Commercial insurance pricing is evolving

The era of AI and advanced analytics is redefining traditional approaches to commercial insurance pricing. This transformation impacts the role of pricing actuaries, giving them the ability to answer a wider range of questions by investigating the portfolio experience, as well as improving the underwriting workflow. In addition, Large Language Models (LLMs) act as a virtual analyst enabling the automation of processes that were previously thought to require manual human effort.

Our pricing expert, Karol Gawlowski has shared some of his thoughts on the future of insurance pricing and how it is evolving so fast. Let’s find out what the future holds as the result of the ongoing analytical arms race.

Harnessing AI and Machine Learning models for smarter risk insights      

The future of pricing is not about finding a way to force LLMs in the process. As the amount of data collected by insurers grows, it becomes increasingly difficult to capture all the risk-determining patterns using standard statistical techniques, as fitting highly performant GLMs becomes a time-consuming task.

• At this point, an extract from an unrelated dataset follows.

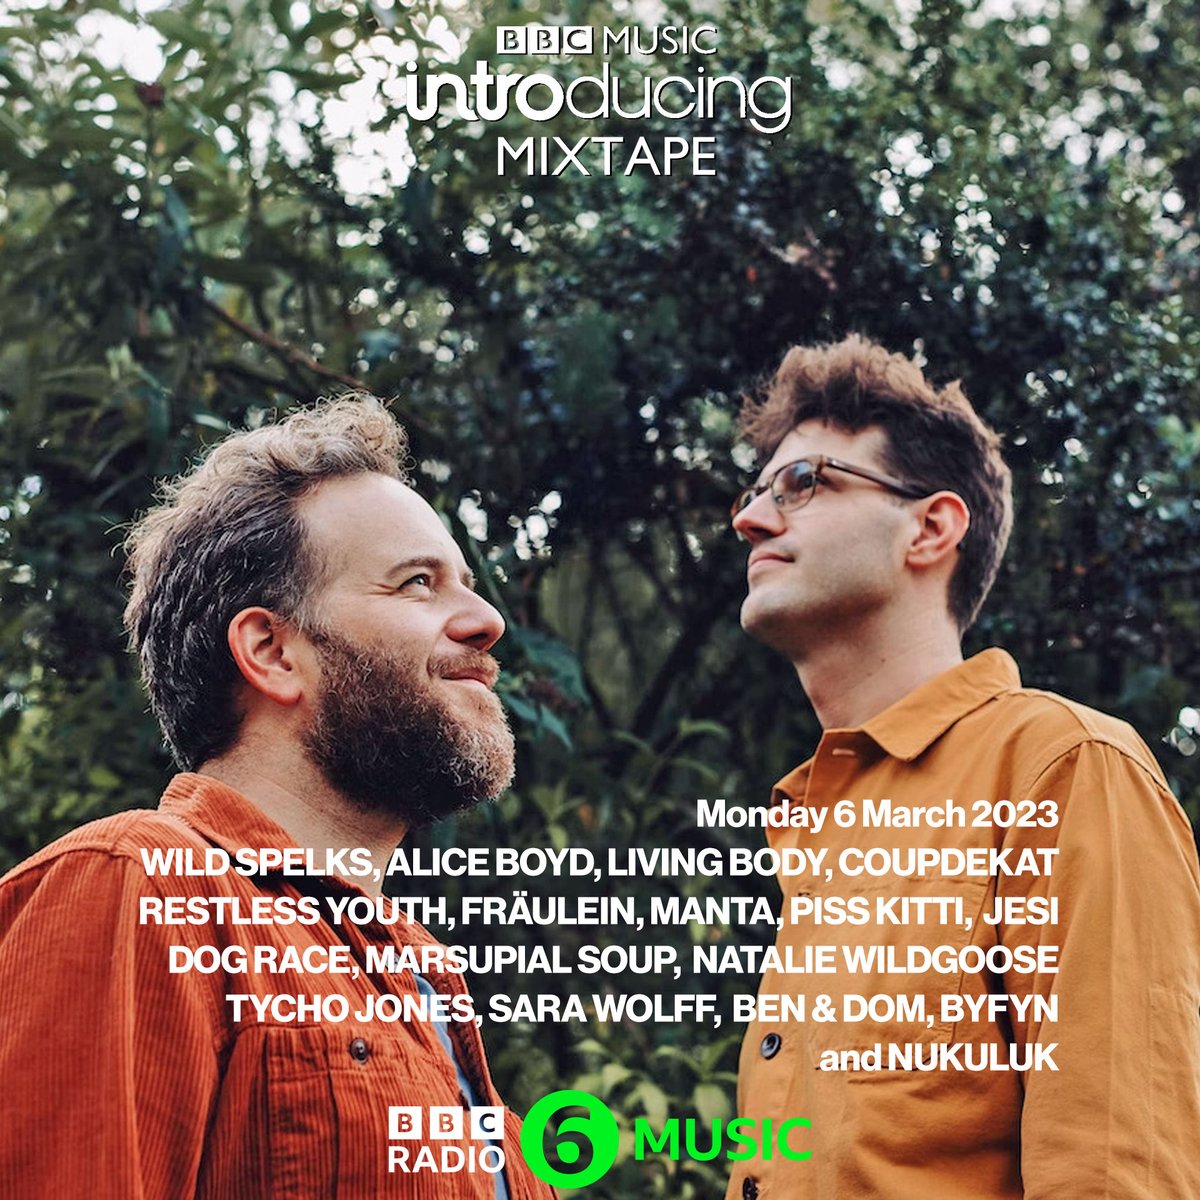 My @bbcintroducing Mixtape drops Mon on @BBCSounds & @BBC6Music. Thanks for finding/supporting/forwarding the tunes to: @nickyrob @threlfalljames @empilbeam @DJ_Roesh @natalieeveradio @Dave_Monks @JerichoKeys @jjiszatt Specially @whatanhonor @kianboylephotos who supplied 4 of em

Tree-based models – with gradient boosting in the lead –outperforms standard methods out of the box, and almost instantaneously delivers rapid and accurate predictions. Subsequently, experimentation with modeling beyond technical price becomes a viable option, providing opportunities to better understand and communicate the state of the underlying risk portfolio.

As the world’s first data scientists, actuaries have been dealing with numerical and structured data modelling for ages. In that context, the introduction of ML models can be thought of as an improvement. Now, thanks to LLMs, modelers can not only speed up the delivery and quality of pricing engine components but also, by accessing LLM APIs, extract signal from unstructured text data like policy wordings or claims descriptions; this automates operations such as text data cleaning that otherwise would require lengthy manual processes.

How does technology impact the commercial pricing landscape?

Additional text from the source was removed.